Details of assets and liabilities
Investigate business assets that will be used even after execution of M&A.Types of assets include real estate/movable property, intellectual property rights, financial assets, and systems.Regarding liabilities, we also grasp the status of borrowings and investigate whether there are any clauses that will be affected by M&A.
Legal compliance content
Violations of laws and regulations are important matters related to loss of corporate value.We confirm compliance with various laws and regulations, such as corporate law, tax law, and labor-related laws and regulations, in addition to business operations.The personal information protection law and the subcontracting law are also important items to check.
Contents about licenses and licenses
Depending on the type of business, it may be necessary to obtain a license.
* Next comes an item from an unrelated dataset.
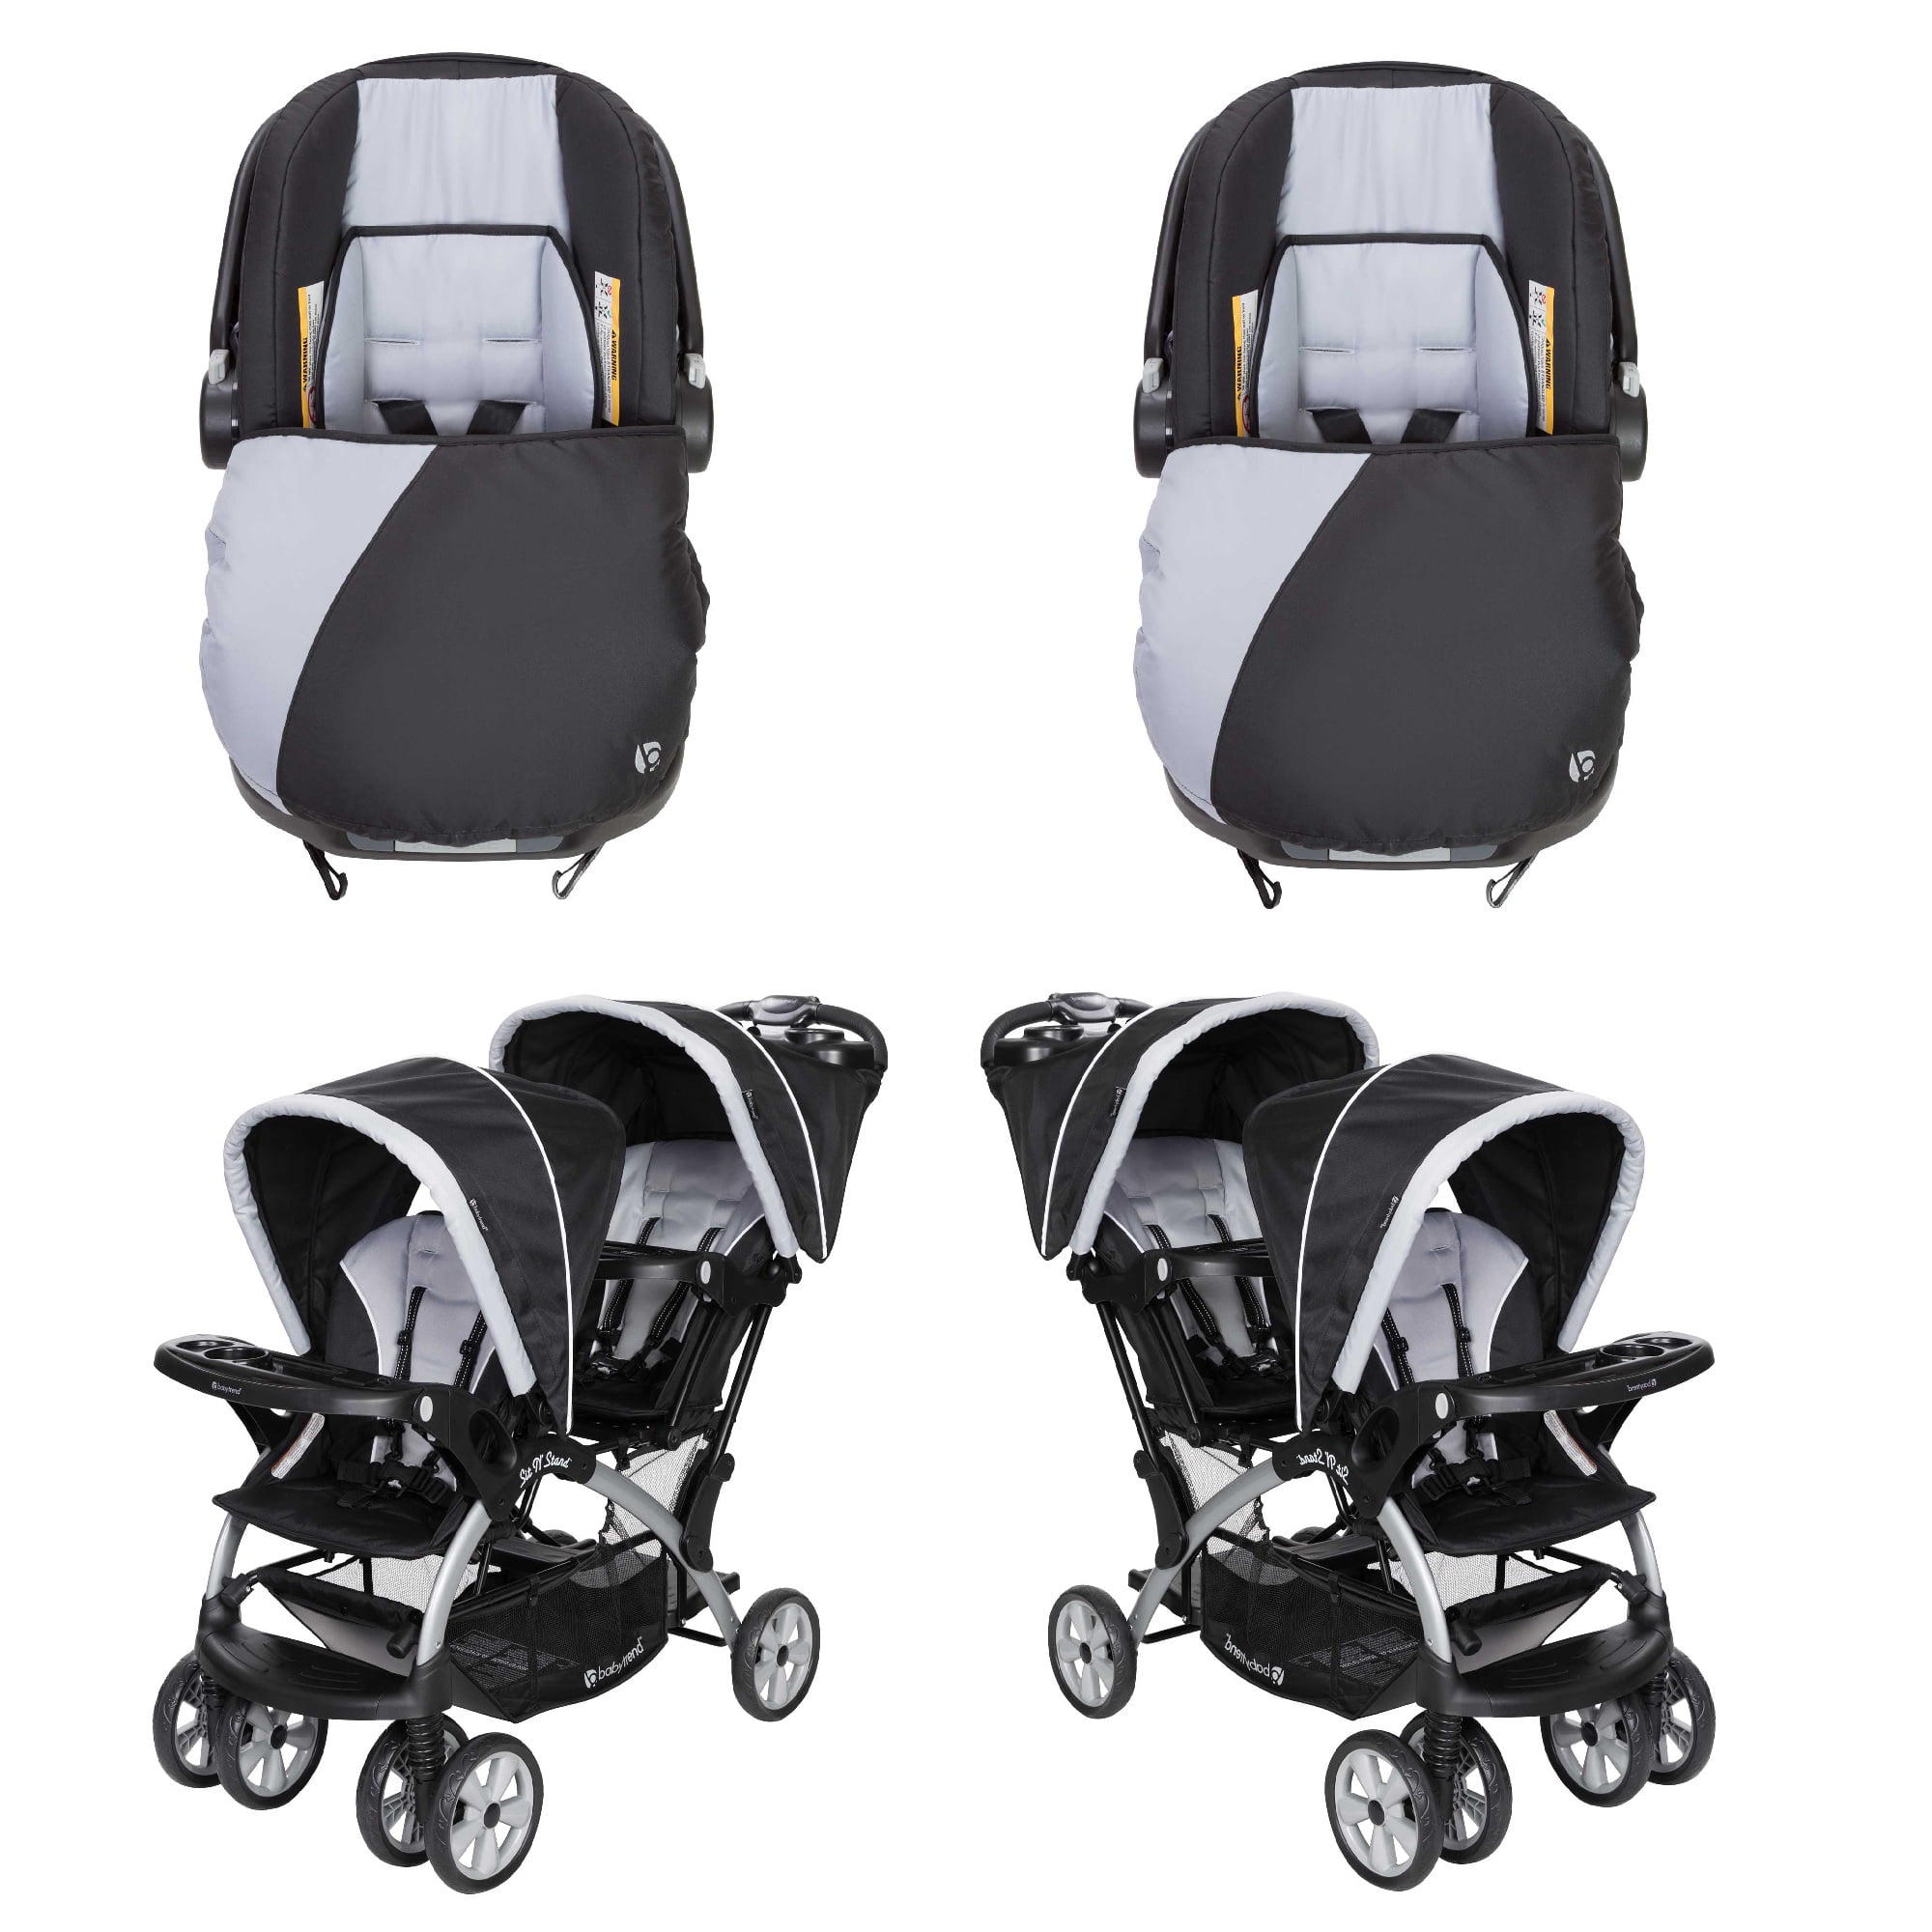 2 seater stroller with car seats

If the license cannot be inherited after the M&A is implemented, it will be necessary to reacquire it, but it will take a certain period of time from application to acquisition.It is important to investigate whether the license can be inherited because business continuity will be affected if the license cannot be reacquired smoothly.
Contents about labor
Employment will continue even after the M&A is implemented, so if there is a possibility of legal violations such as unpaid overtime, we will carefully investigate.Regarding personnel affairs and labor, we are also involved in personnel due diligence, but in legal due diligence, we confirm working environment issues such as employee working conditions and retirement / dismissal.
Flow of legal due diligence
We will explain how to proceed with legal due diligence, and explain the general flow and content step by step.
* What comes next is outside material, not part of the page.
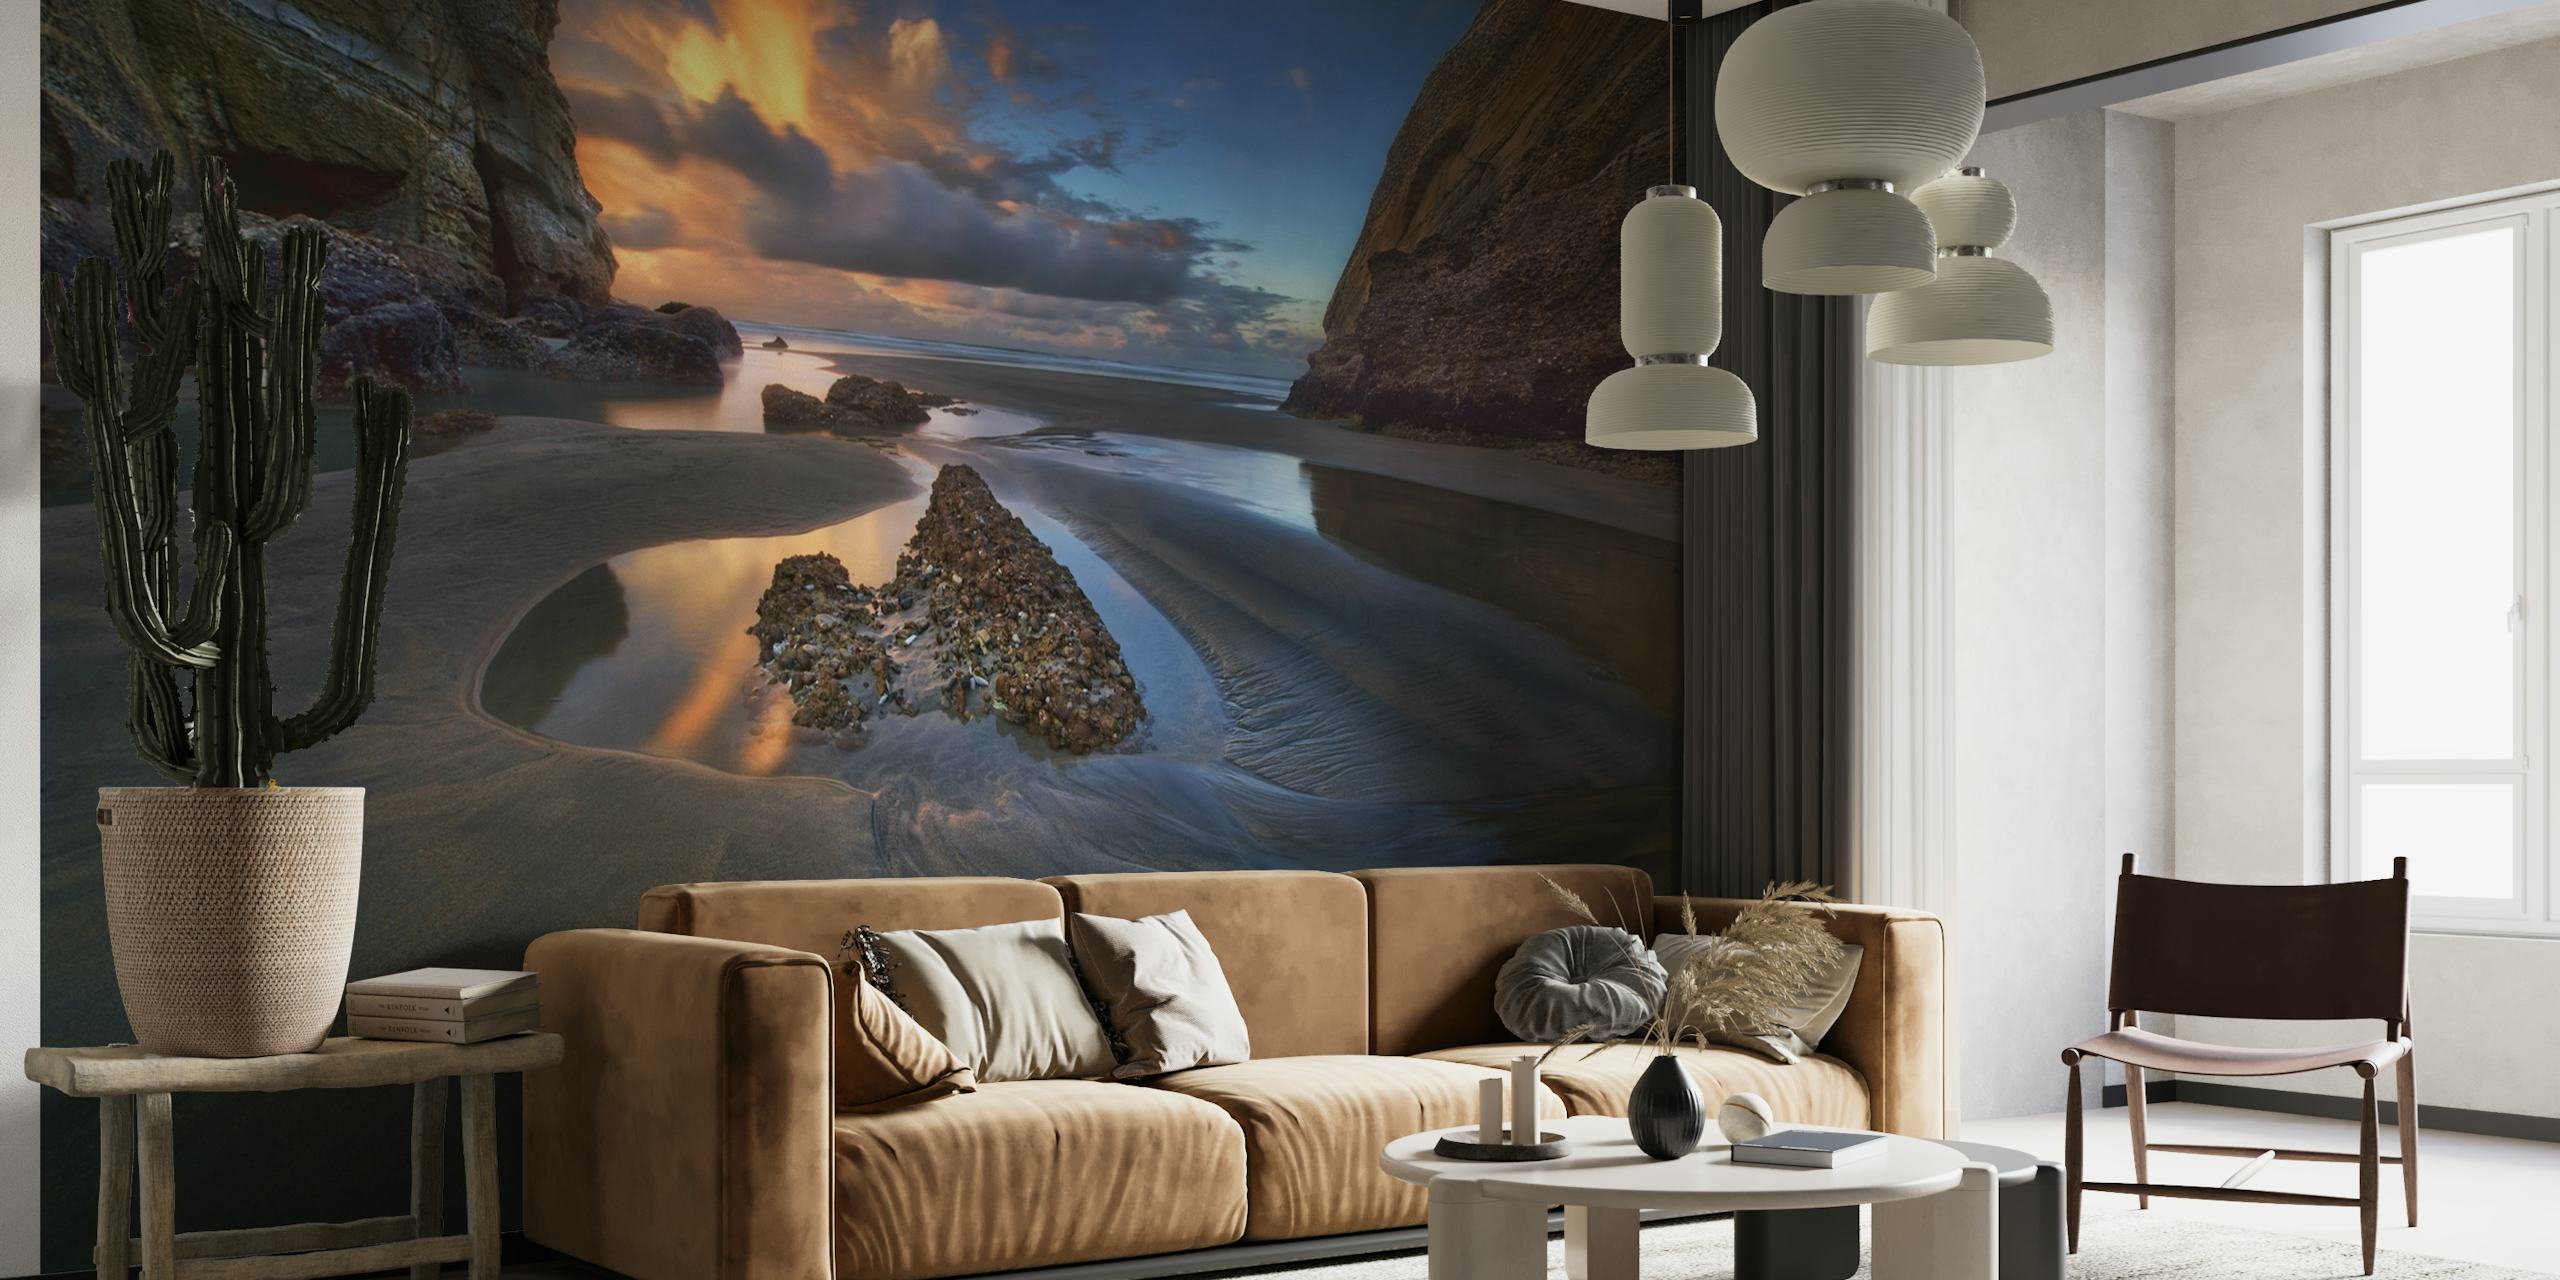 Stunning seascape wall mural with sunset and receding tide exposing rocks and tranquil water pools

Document disclosure request
We will request disclosure of materials necessary for legal due diligence from the target company.Sellers do not actively submit information that is disadvantageous to their company in order to get them to buy as high as possible.Make a list of necessary materials in advance and request according to the items.
Confirmation of disclosure materials
Once the materials are disclosed, the buyer will confirm and analyze them.We scrutinize and examine the content from a huge amount of materials, request disclosure of additional necessary materials, and create a Q&A list for unclear points and questions.Make preparations for confirmation through interviews, etc.
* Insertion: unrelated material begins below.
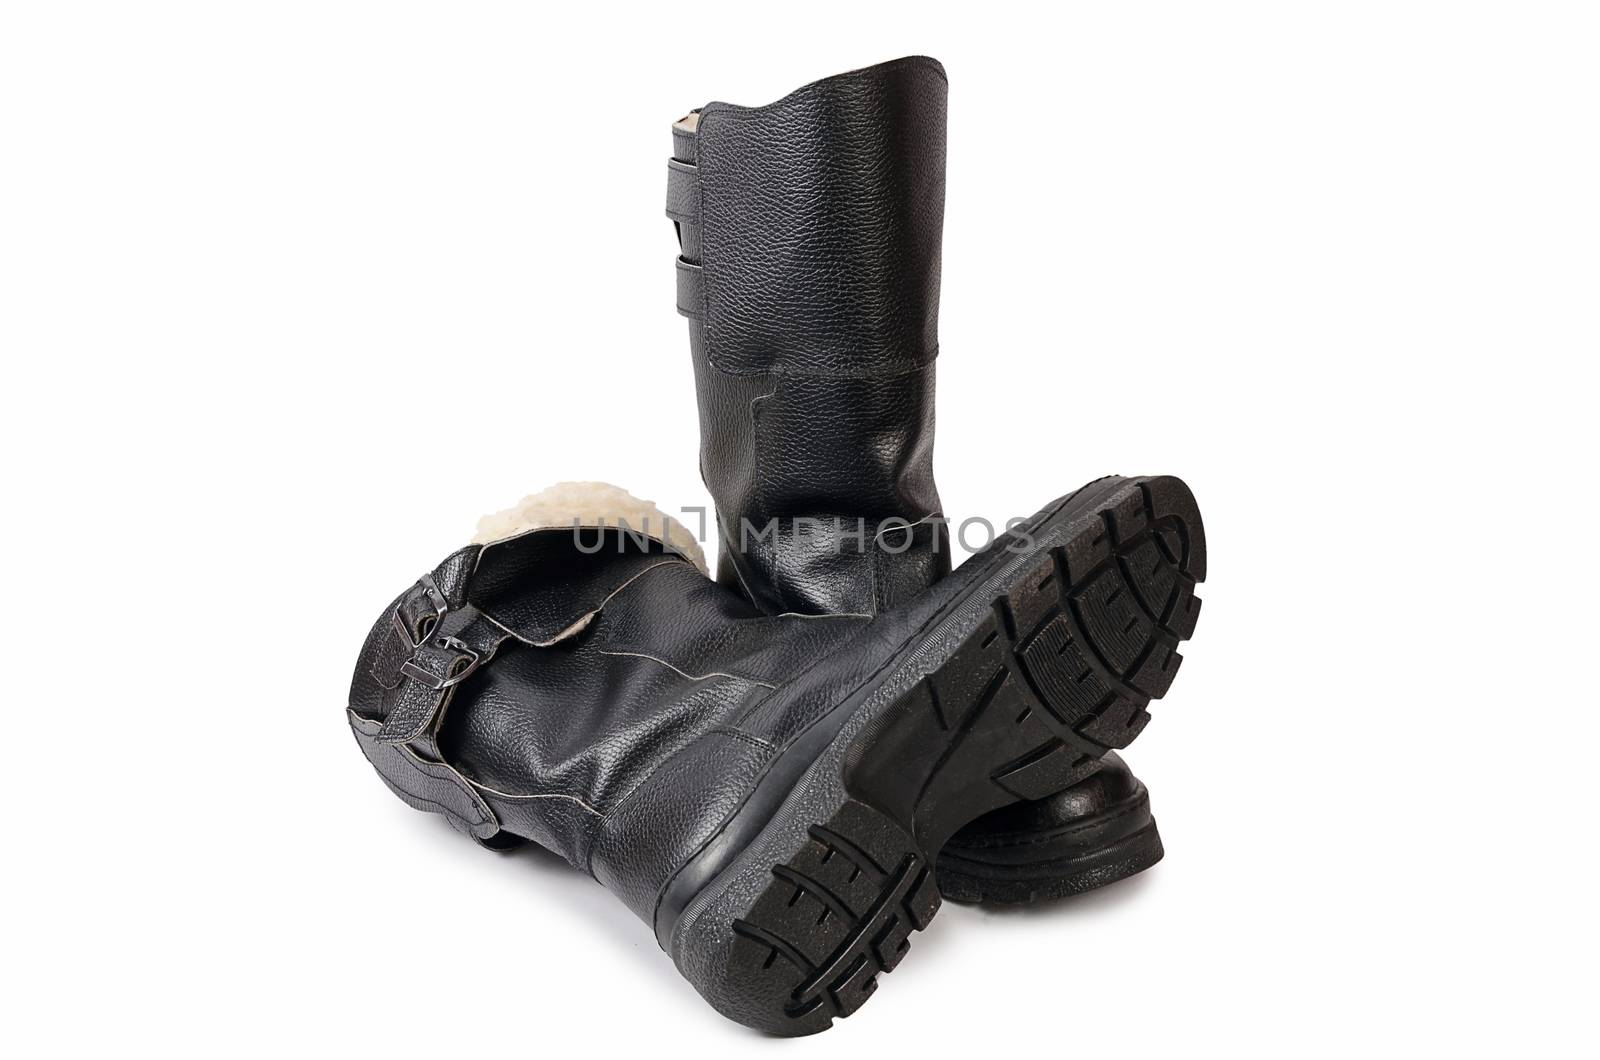 Mens black boots isolated on white background

Q&A with management and field survey
Conduct interviews and interviews with the management and employees of the target company.An important procedure for grasping information that is not available in documents, such as performance forecasts, management policies, and matters related to the company in general.By going to the head office and other locations, we check materials that can only be seen locally.
Interim/Final debriefing session
At the interim debriefing session, the findings from the investigations so far were reported, and the necessity of additional investigations was examined.After that, we will consider whether to respond and M&A implementation.Based on the content reported at the interim report meeting, the missing materials are analyzed and problems are sorted out, and the final report meeting is held among the parties concerned.